◆ **Task brief**:
Print the listing as it stands, omitting all images.

◆ **Data section**:
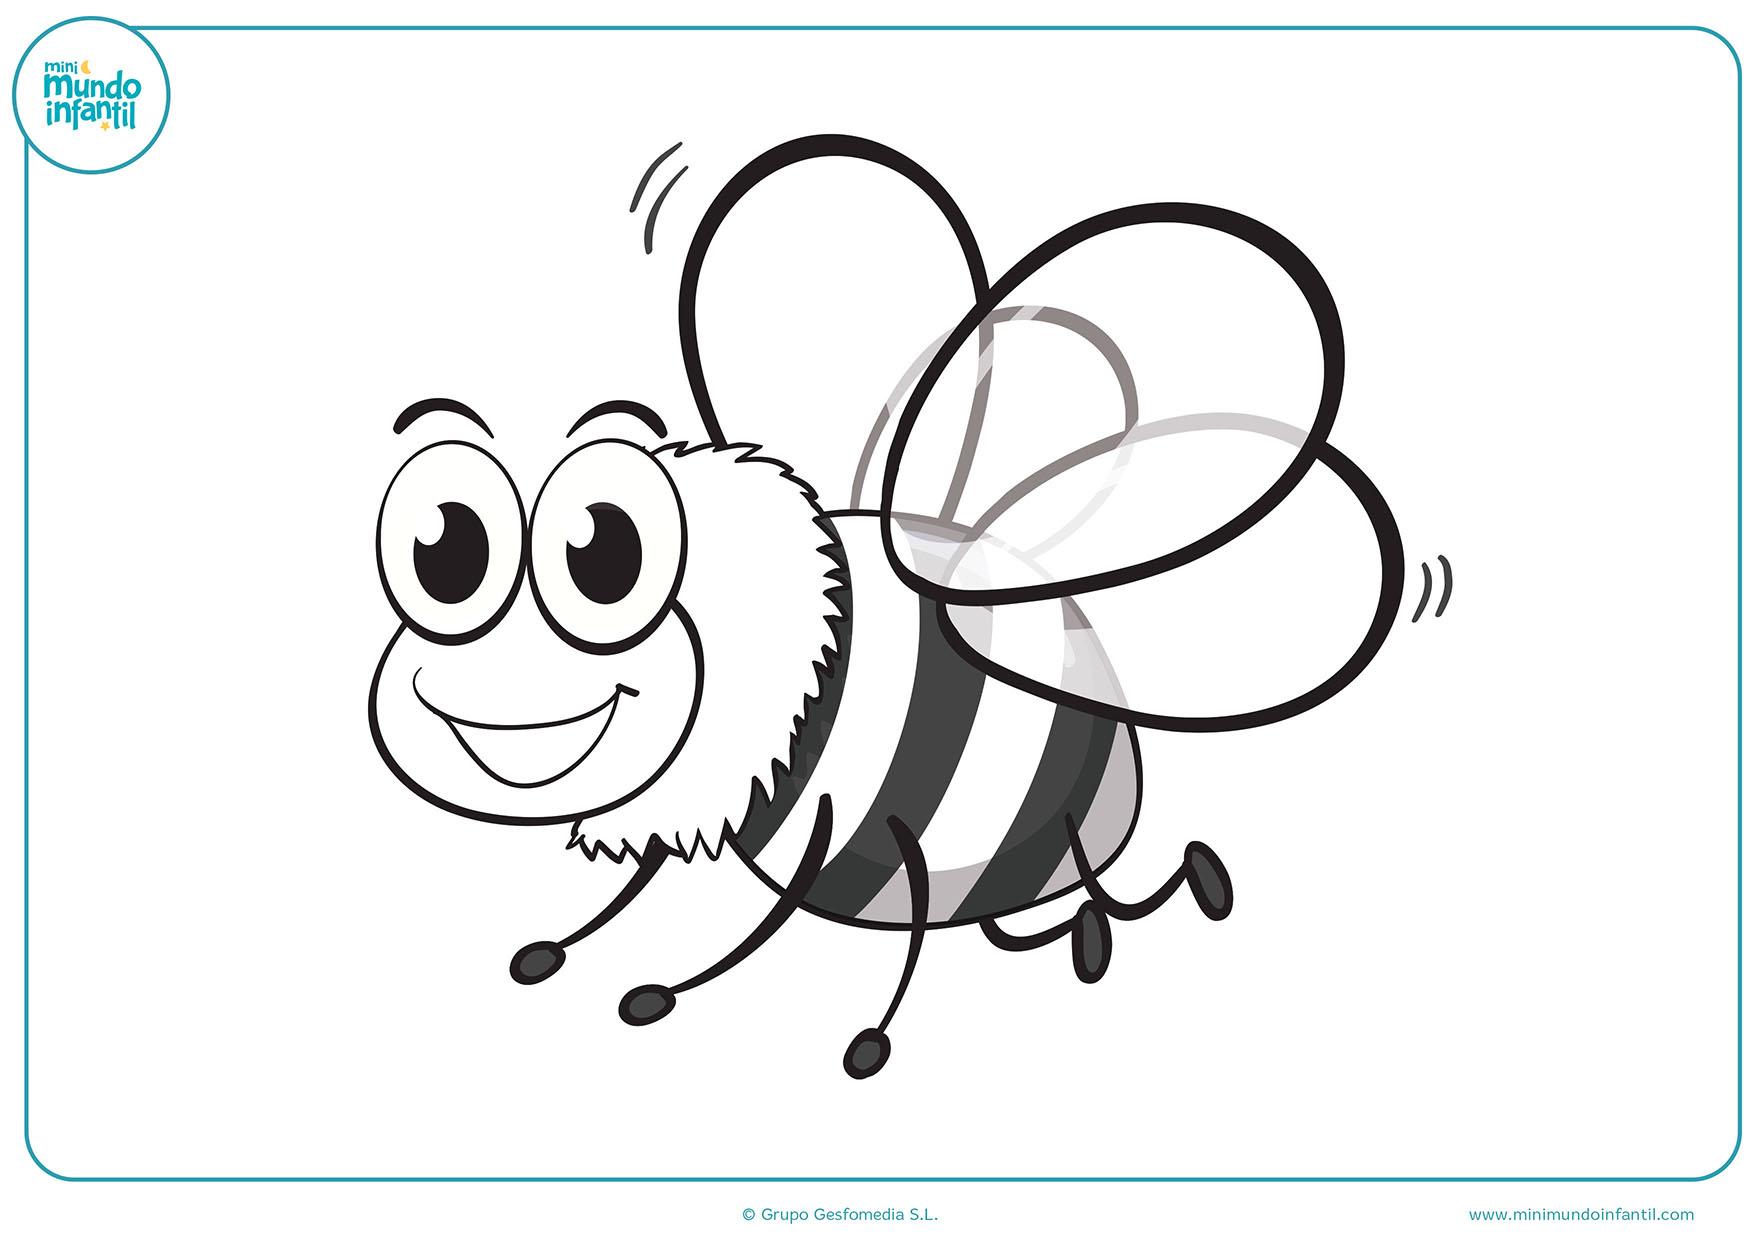 Dibujos Para Colorear E Imprimir De Hormigas ~ Ideas Creativas Sobre ...
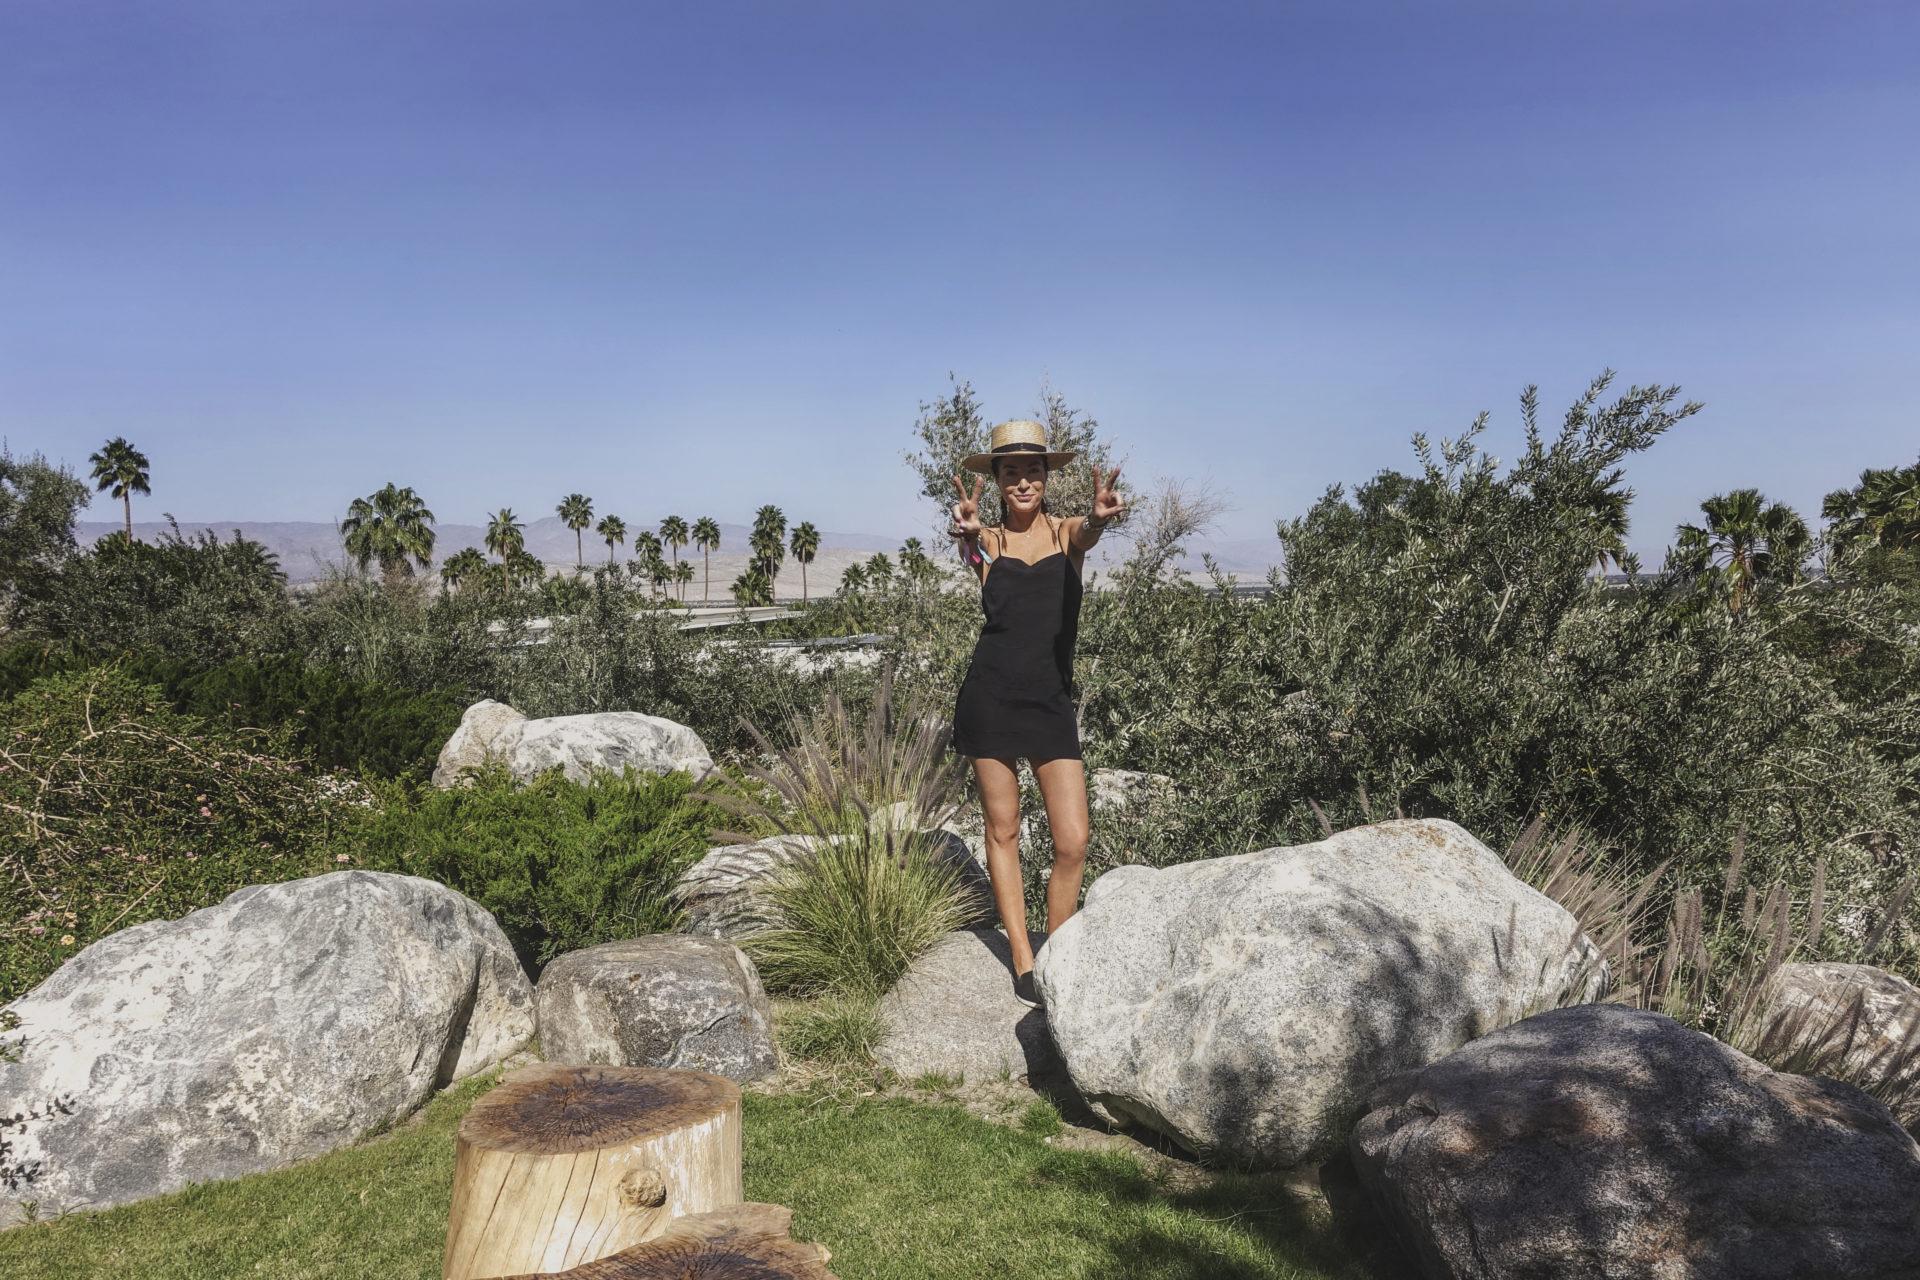 Palm Desert pre-game in a little black dress at Coachella
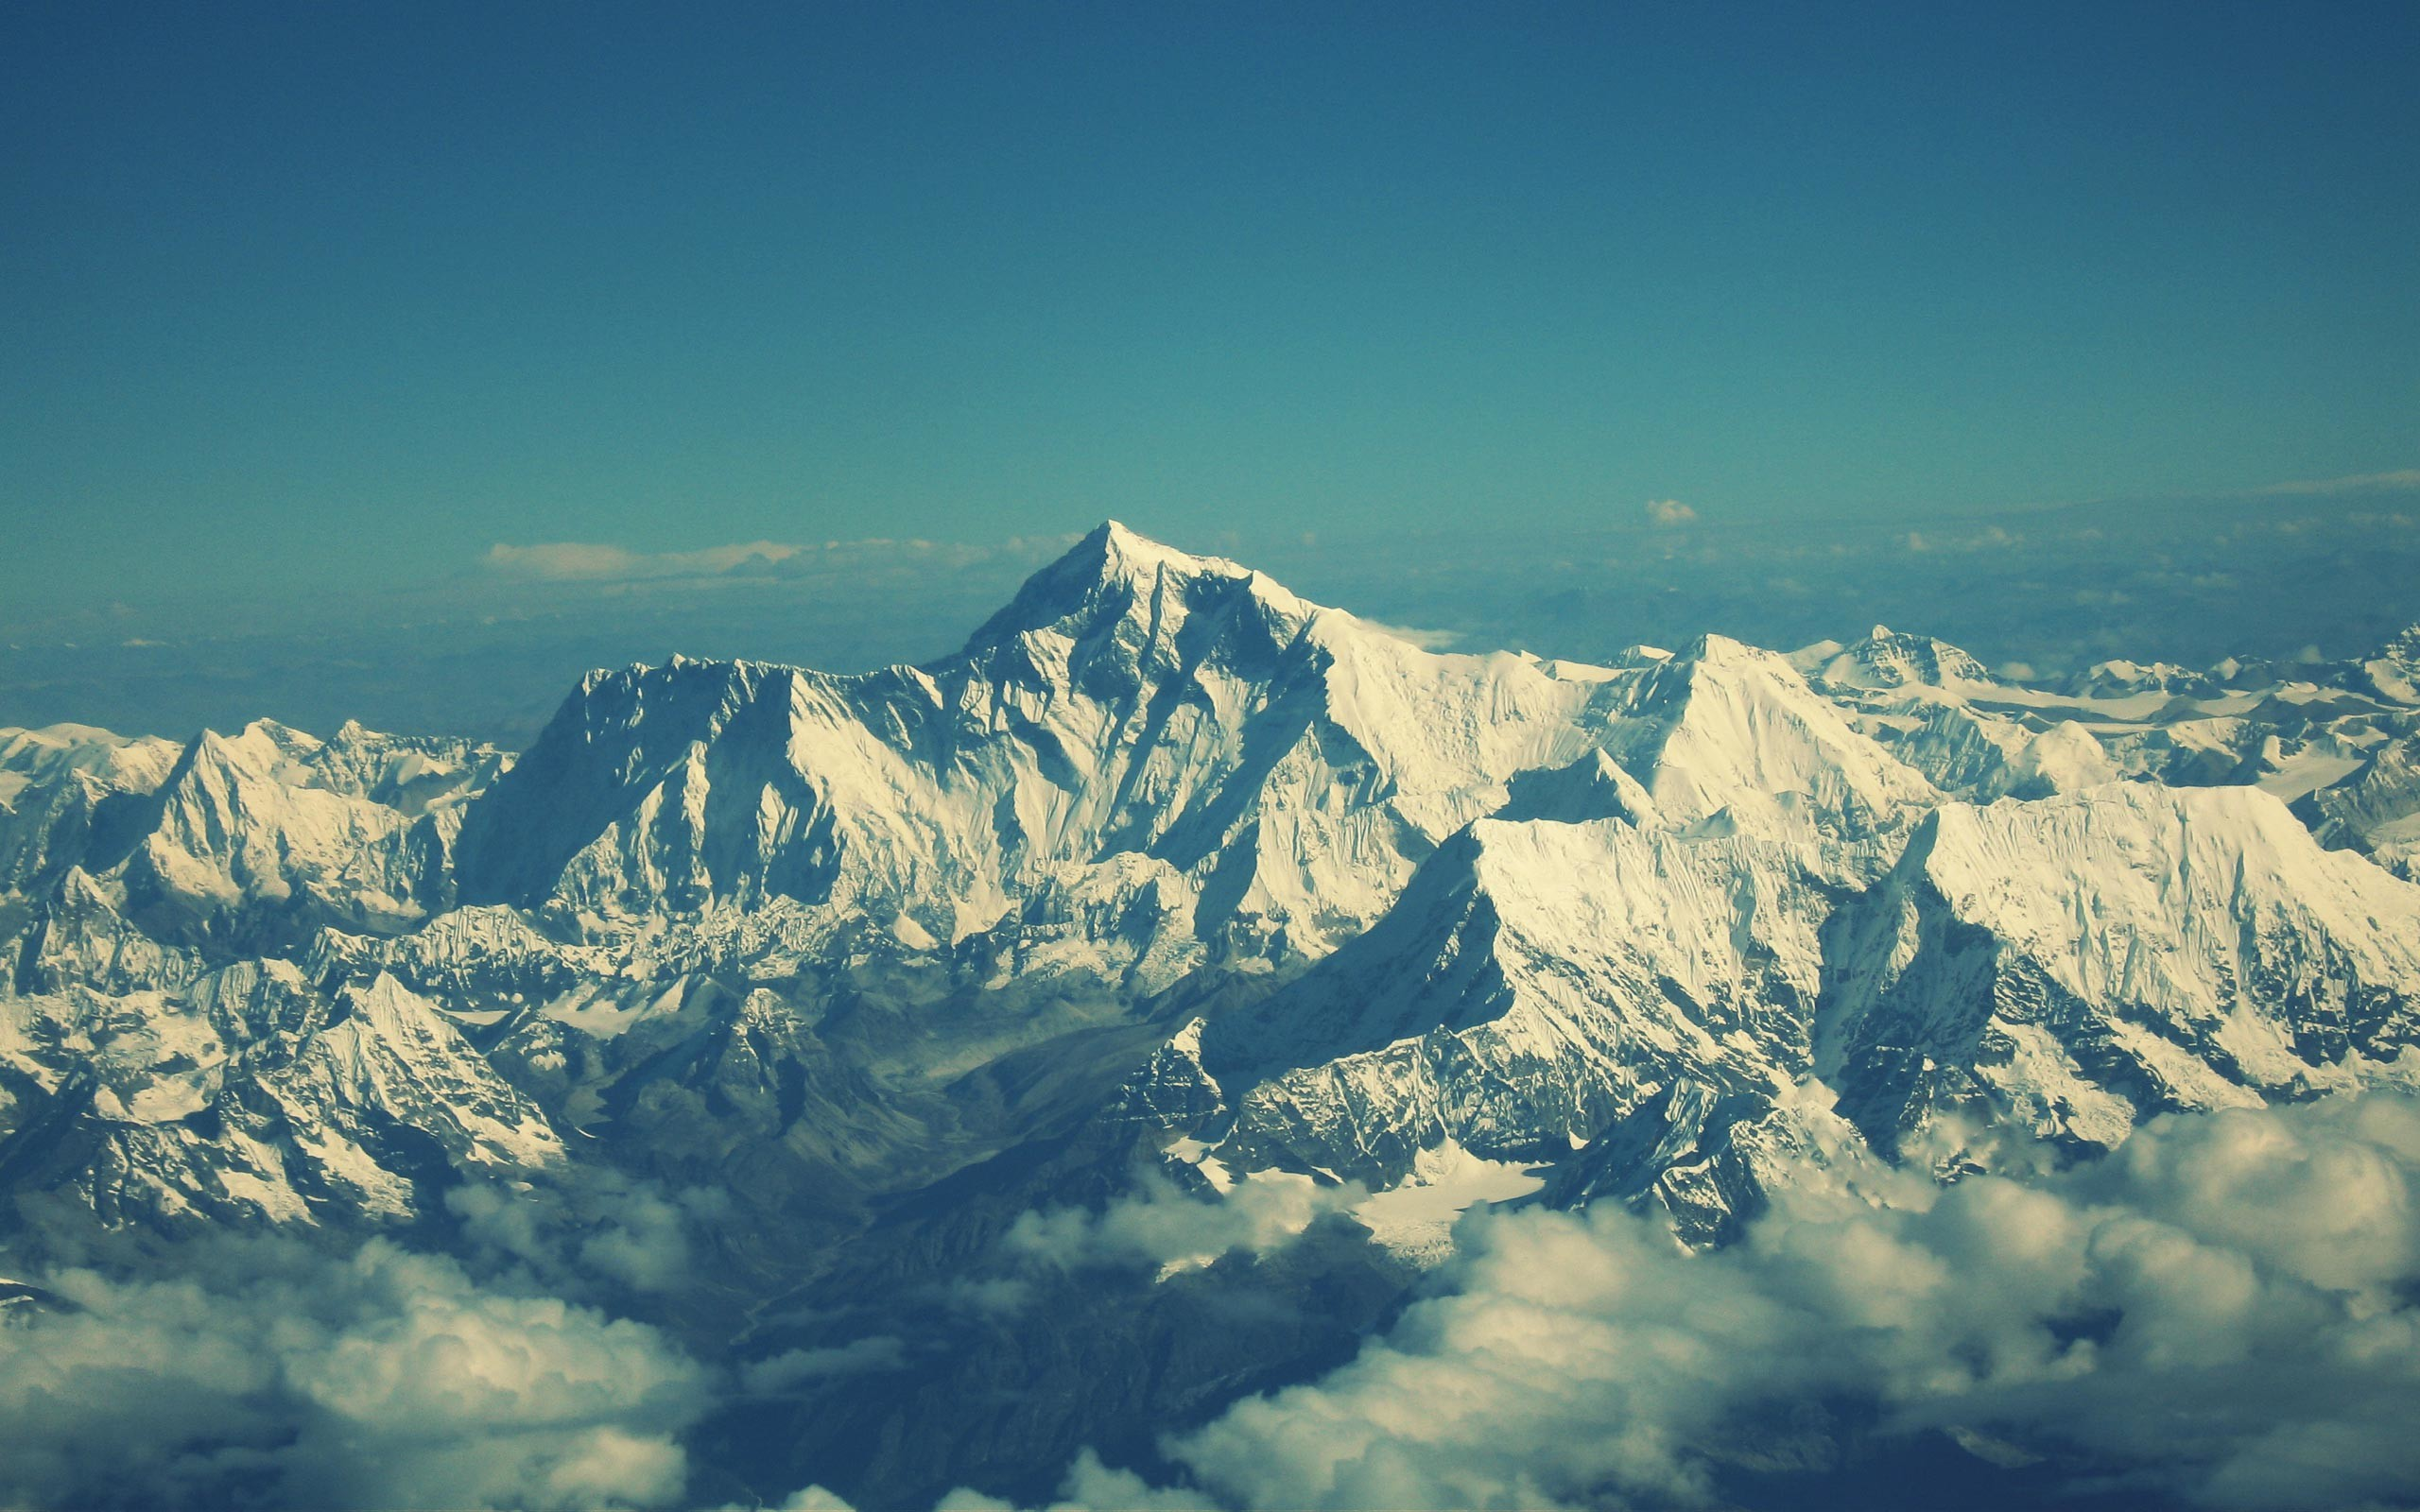 Free Snow Mountain Wallpaper for Desktop

◆ **Task solution**:
 Dibujos Para Colorear E Imprimir De Hormigas ~ Ideas Creativas Sobre ...
 Palm Desert pre-game in a little black dress at Coachella
 Free Snow Mountain Wallpaper for Desktop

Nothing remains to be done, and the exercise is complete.